To unsubscribe from this group and stop receiving emails from it, send an email to nginn-messageb...@googlegroups.com.
To post to this group, send email to nginn-me...@googlegroups.com.
Visit this group at http://groups.google.com/group/nginn-messagebus.

Michael Sinnott

unread,
Sep 26, 2014, 10:57:38 AM9/26/14
to nginn-me...@googlegroups.com
Hi Rafal, 

We are not doing anything with TransactionScopes ourselves and we have not tried to manually rollback the transaction. We have only noticed the timeout exception once and we can't get it to timeout on demand, so can't say if it consistent or not. I'll try and write something to reproduce this but it is hard as it does not timeout every time. 

I'll be in touch when I have something you can look at. 

Cheers, 

Mike

Michael Sinnott

unread,
Sep 29, 2014, 7:51:32 AM9/29/14
to nginn-me...@googlegroups.com
Hi Rafal, 

I have attached a sample app which demonstrates an issue we have found. It is not the same as above but I will try my best to explain it. 

We have a long running message which is being dealt with by Thread 1. The handler, which deals with this message, has some custom code to log that an action has timed out. There was a bug in our code which allowed this message on Thread 1 to eternally keep trying up until the transaction timed out. The transaction timeout was set to 10 Minutes using the following in the message bus config - .SetReceiveTransactionTimeout(TimeSpan.FromMinutes(10)).

Looking through the logs, we notice that after 10 minutes, Thread 2 has picks up the same message while Thread 1 is still processing it. Thread 2, then completes successfully first and marks the message down as a success. However, Thread 1 now fails (nginn rolls back correctly) and marks the message as a Retry over writing the Success ('X') from Thread 2 and at a later time a new thread then picks up the message and successfully processes it again. 

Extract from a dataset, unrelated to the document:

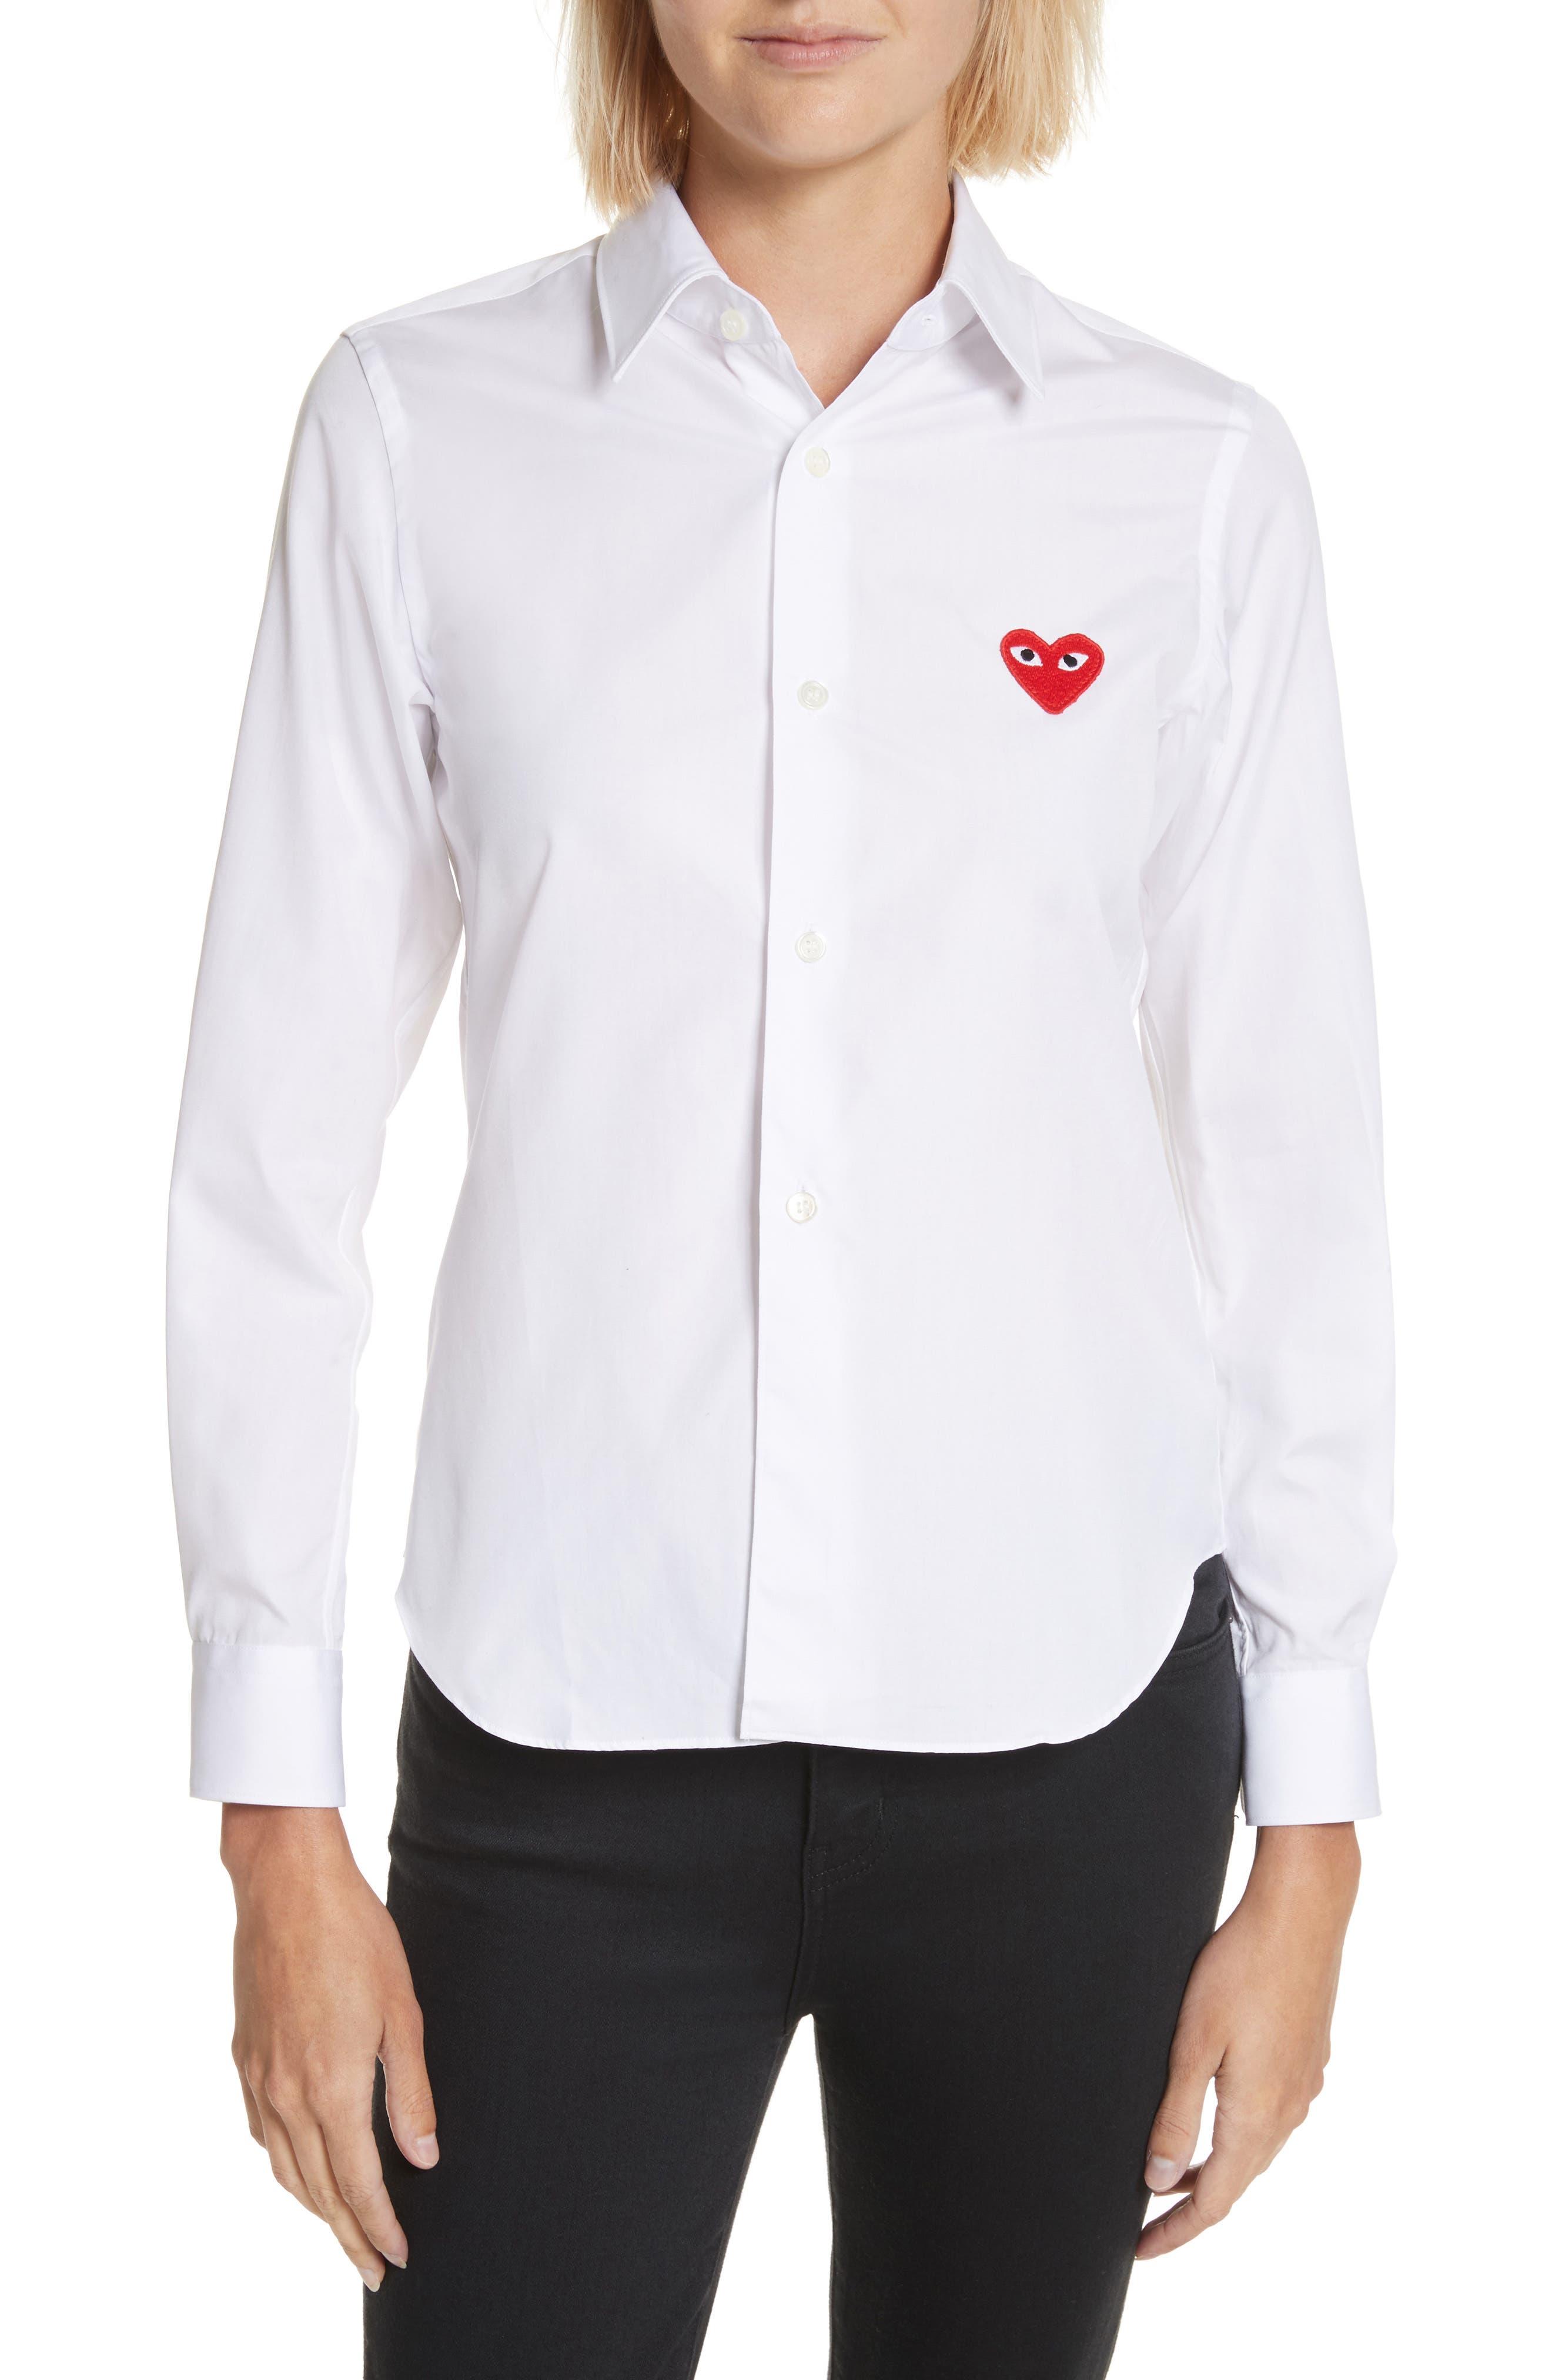 PLAY Red Heart Cotton Shirt,                             Main thumbnail 1, color,                             100

We end up with 2 responses for 1 message. This, as well as a few bugs in our code, caused us the duplications. 

We think the message shouldn't have been given to a new thread as it was already being processed by another thread and if the 2nd thread is successful, the 1st thread should not mark it down to retry. 

The sample app should demonstrate this to you. 

Cheers, 

Mike
PrintTest.zip

Rafal Gwizdala

unread,
Sep 29, 2014, 8:34:17 AM9/29/14
to nginn-me...@googlegroups.com
Hi Michael, thank you for this analysis, I think you have nailed the problem (however, i haven't had a look at the code yet). It shouldn't be difficult to add a protection for such scenario (overwriting the status of a processed message), but currently I'm working on Oracle support and it will take a while until I'm ready with next version. 
In the meantime, I'd like to suggest some solutions:

Option #1 is to use just 1 receiving thread - this way no other thread will step in and process the message before the first transaction completes.
Option #2 is to redesign the process so message handler will not keep a transaction open for 10 minutes. It's imho too long for a database transaction, maybe you could just initiate the lengthy operation in a message handler, then let it run for 10 (or more) minutes  and publish 'completed' message after completion? You'd have also to add some timeout message for handling the case when the operation doesn't complete at all or is interrupted in the middle, but this way you wouldn't keep the message 'busy' and you wouldn't have to worry about database transaction timing out. It's a standard approach for handling long-running transactions and 10 minutes is certainly a long-running one. I'd recommend this even if the fix for the original problem is ready.
I don't have #3 yet, it could be 'use saga' but basically it's same as #2.
Pls let me know if this works for you.

Best regards
R
 

Michael Sinnott

unread,
Sep 29, 2014, 10:16:03 AM9/29/14
to nginn-me...@googlegroups.com
Hi Rafal, 

Thanks for your response, much appreciated. We have a few comments on your suggestions:

Option #1  - We can't do this option as it is a printing process so we are waiting for the printer to give us a response (success or fail) and we also want to run other messages to the printer, not just one as it becomes too slow.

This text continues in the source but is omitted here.